(Prompt): Pictures are to be dropped from the copy. Retype the listing exactly.

(Supplied data):
════

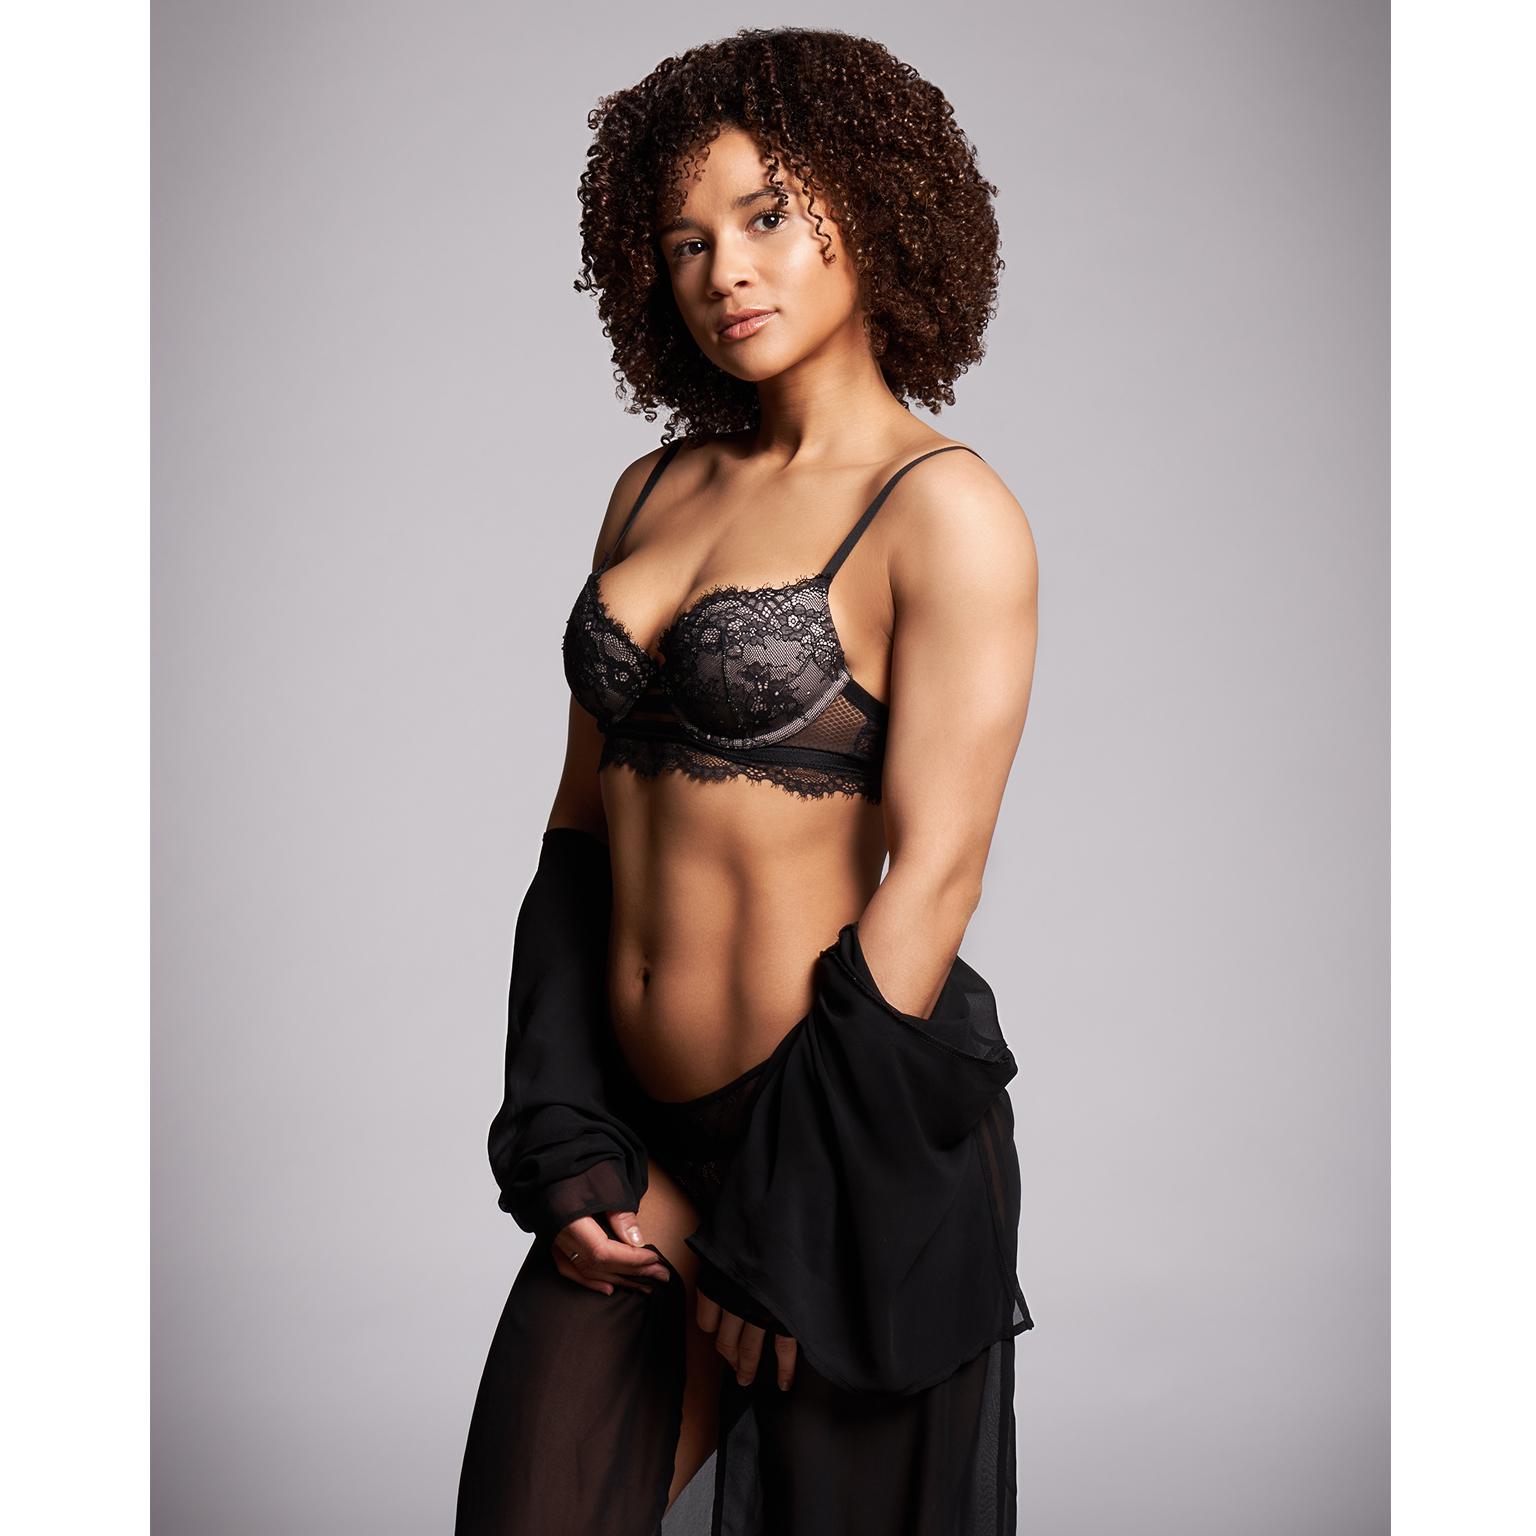 Toronto-Fitness-Model-Agency-Lingerie-Commercial-Olivia-Mbolekwa
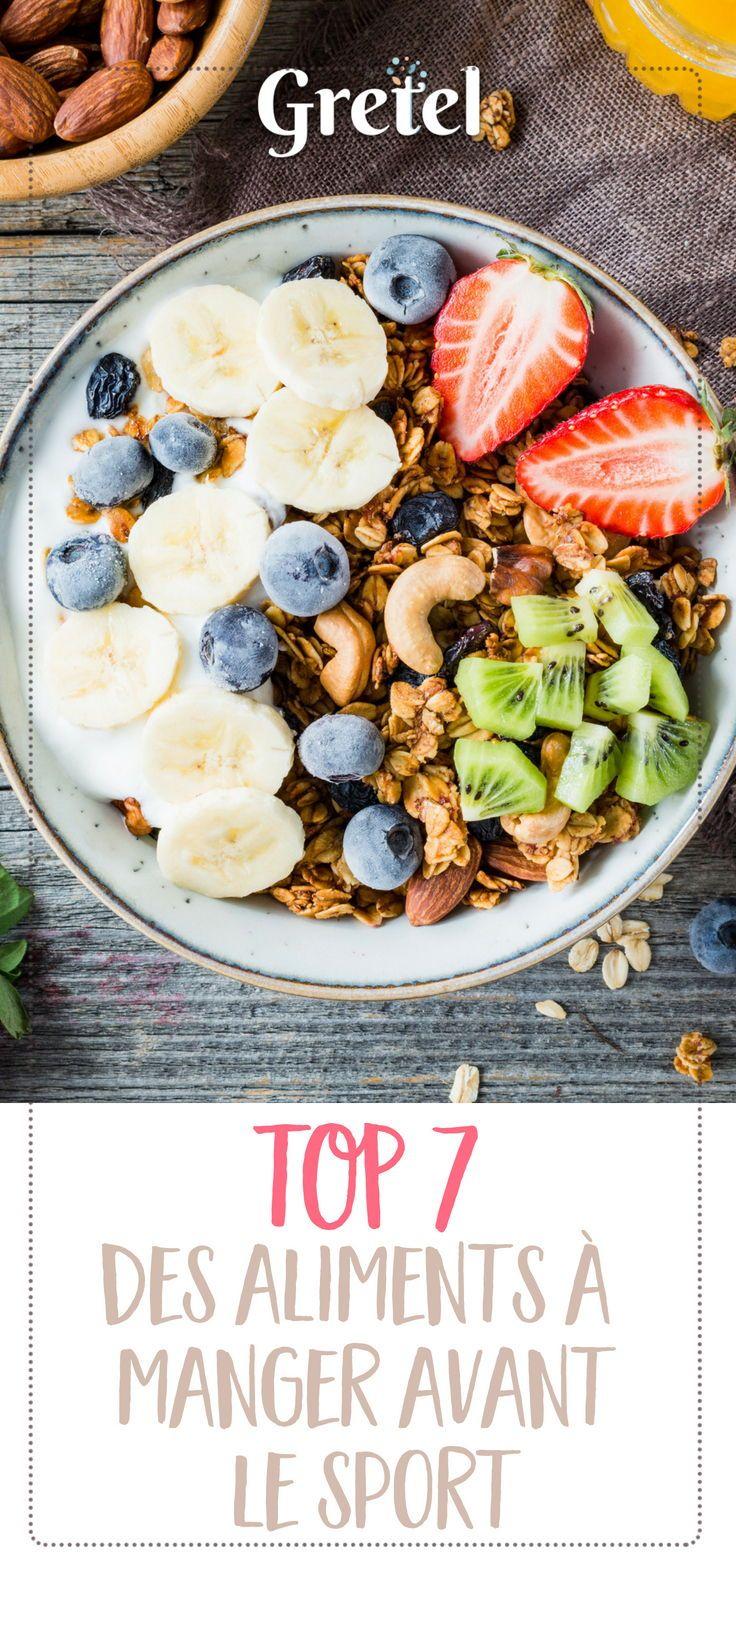 Découvrez les 7 aliments à favoriser avant le sport
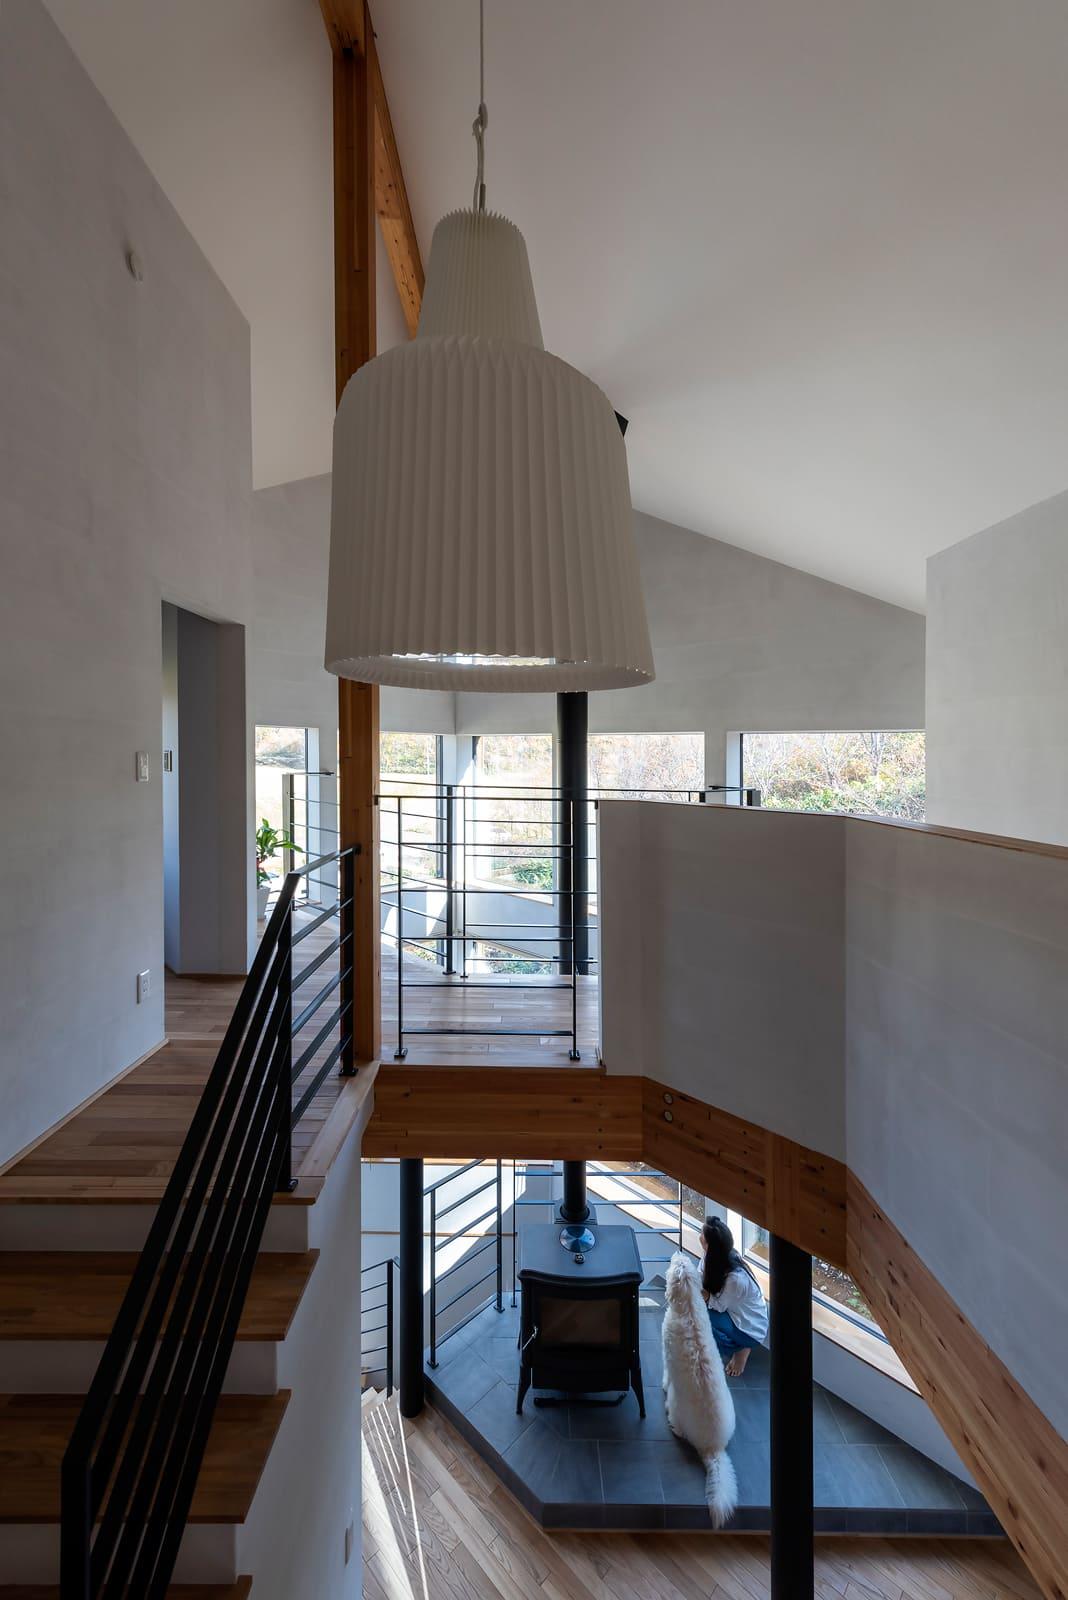 階段脇も吹き抜けになっているので、室内の開放感も抜群。3階の廊下でも景色が楽しめる

════

(Solution for this exercise):
 Toronto-Fitness-Model-Agency-Lingerie-Commercial-Olivia-Mbolekwa
 Découvrez les 7 aliments à favoriser avant le sport
 階段脇も吹き抜けになっているので、室内の開放感も抜群。3階の廊下でも景色が楽しめる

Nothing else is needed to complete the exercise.